# I Have Three Thunderbolts, Might Be Interested In Donating One...



## Bstrang6 (Oct 25, 2011)

So, I have three thunderbolts, my new refurb, one thats new in box, and then the one I am interested in donating to a DEV... The only issue is I spilled orange juice and I think some got in the headphone jack and now it constantly thinks there is headphones plugged into it. I have tried cleaning it, to no avail. This interferes with calls as well. IDK if there's much need for this in the community or not....


----------



## skinien (Jun 30, 2011)

Donate it to a CM dev!


----------



## jr313 (Jun 10, 2011)

I know R2DoesInc from h4xxor OMGB/OMFGB roms needs one so he can keep updating both of those, he was supposed to buy one from a guy but the guy ended up losing touch with him so hes looking for one so he can work on keeping updates coming.


----------



## poontab (Jun 7, 2011)

skinien said:


> Donate it to a CM dev!


This


----------



## Mustang302LX (Jun 28, 2011)

skinien said:


> Donate it to a CM dev!


^ What he said!


----------



## RedRumy3 (Oct 24, 2011)

Cm dev would be awesome.


----------



## g00s3y (Jul 12, 2011)

As others have already said, CM Dev is the best option


----------



## Jaxidian (Jun 6, 2011)

jr313 said:


> I know R2DoesInc from h4xxor OMGB/OMFGB roms needs one so he can keep updating both of those, he was supposed to buy one from a guy but the guy ended up losing touch with him so hes looking for one so he can work on keeping updates coming.
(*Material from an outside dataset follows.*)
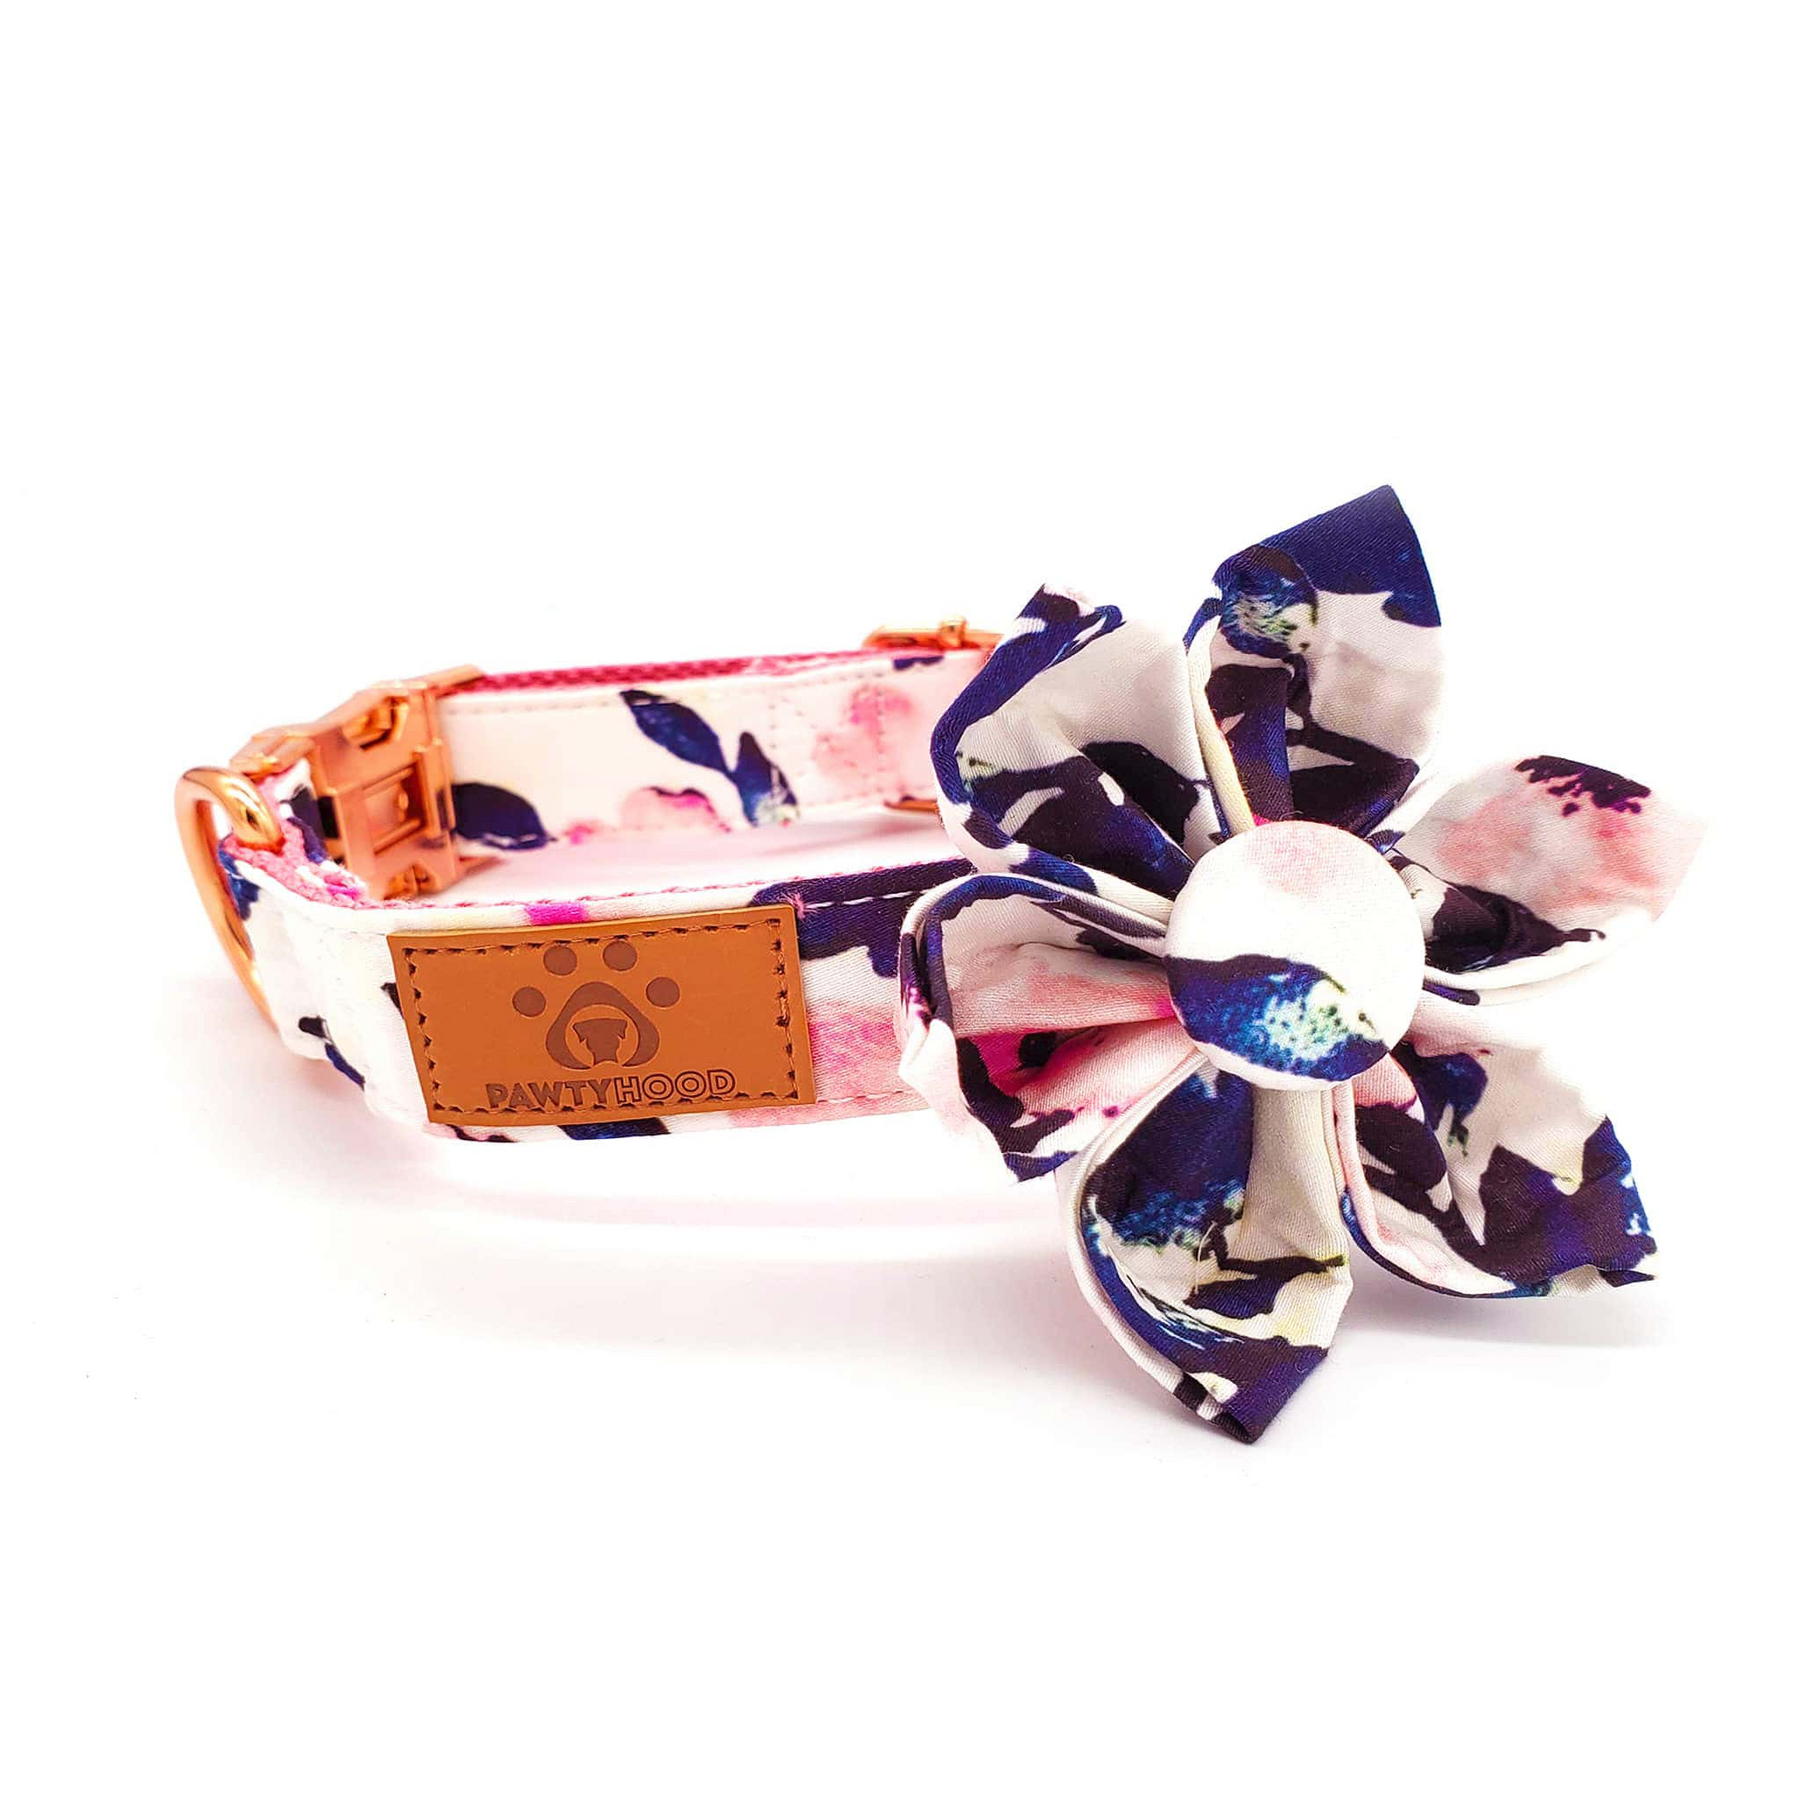 Treats Unleashed  Upcountry UpCountry Cherry Blossoms Dog Collar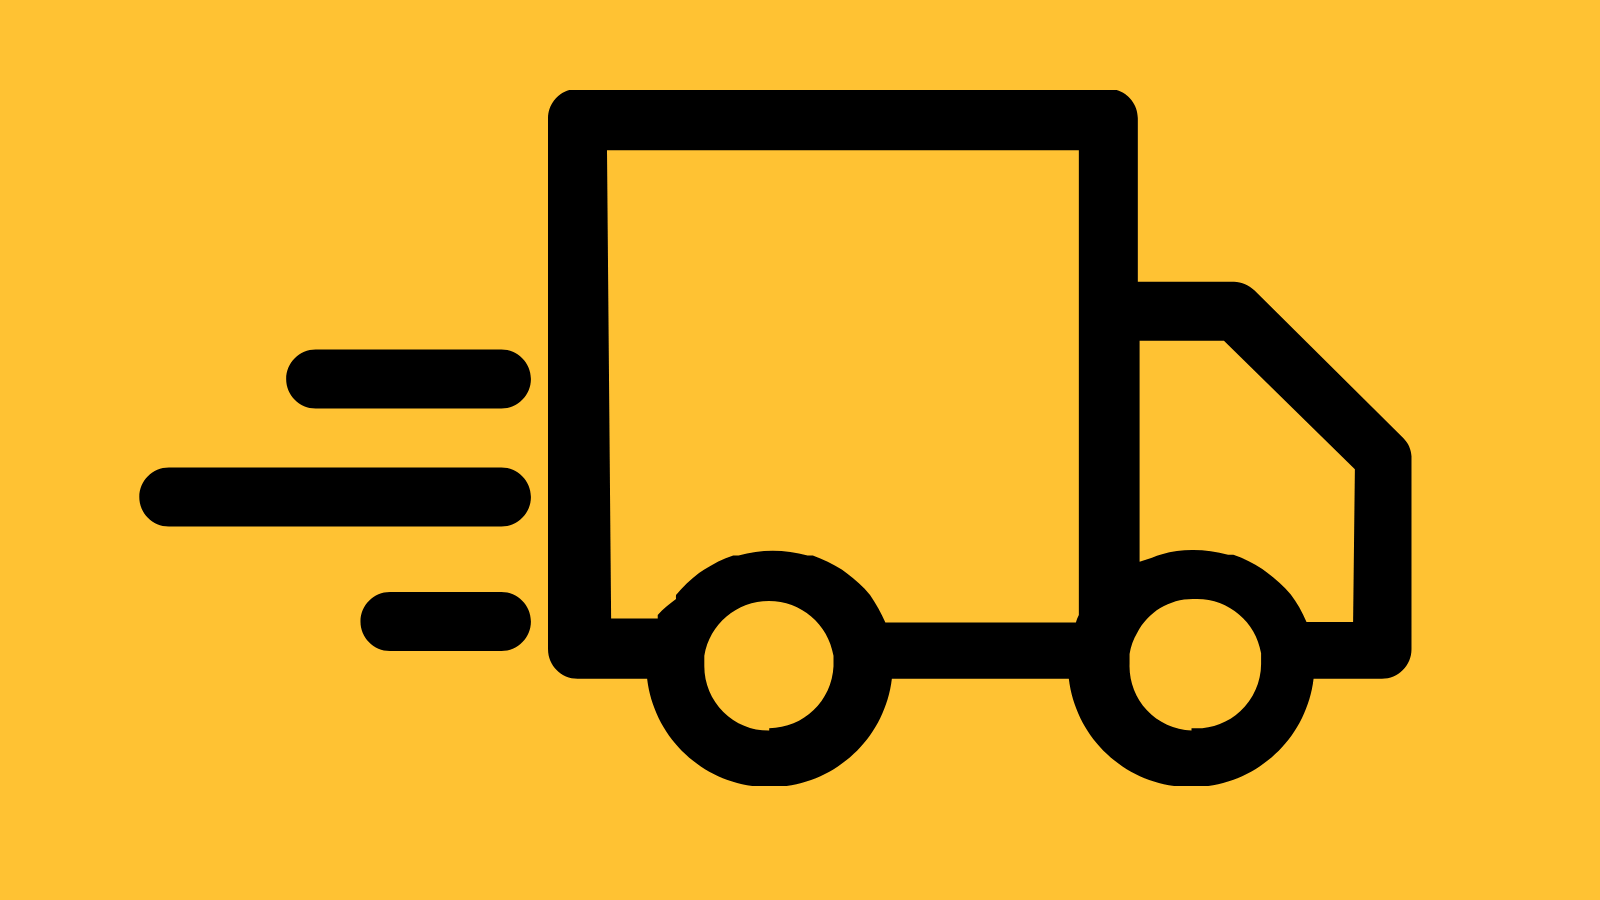 Minimalist graphic of a shipping truck

I would encourage this option.

The CM and OMFGB teams BOTH got the RIL working for us. The CM team has multiple people with TBolts whereas the OMFGB team now has 0 people with TBolts and the ROM is effectively dead for us until the team gets another TBolt. The CM team, on the other hand, has multiple people with the device plus there are regularly-updated unofficial releases (nightlies) of CM7 for the TBolt released, but no love for the OMFGB team. Don't get me wrong, giving to the CM team is certainly not a bad idea but I think giving to the OMFGB team will have a larger impact to the TBolt community.

Just my $0.02 worth.


----------



## imneveral0ne (Jun 18, 2011)

Not that I use miui, but they seem to need the most help.


----------



## jimmydene84 (Jul 11, 2011)

I say give it to someone who has something new to offer. ...we could always have room for another rom









Sent from my HTC ThunderBolt using Tapatalk


----------



## mrsmith (Jul 29, 2011)

Jaxidian said:


> I would encourage this option.
> 
> The CM and OMFGB teams BOTH got the RIL working for us. The CM team has multiple people with TBolts whereas the OMFGB team now has 0 people with TBolts and the ROM is effectively dead for us until the team gets another TBolt. The CM team, on the other hand, has multiple people with the device plus there are regularly-updated unofficial releases (nightlies) of CM7 for the TBolt released, but no love for the OMFGB team. Don't get me wrong, giving to the CM team is certainly not a bad idea but I think giving to the OMFGB team will have a larger impact to the TBolt community.
> 
> Just my 0.02 worth.


THIS!! R2 and OMFGB.


----------



## ProTekk (Jun 12, 2011)

If you're going to donate a Thunderbolt then r2doesinc gets my vote hands down. Him and the team are desperate for one and the last one that was promised to him kind of screwed him.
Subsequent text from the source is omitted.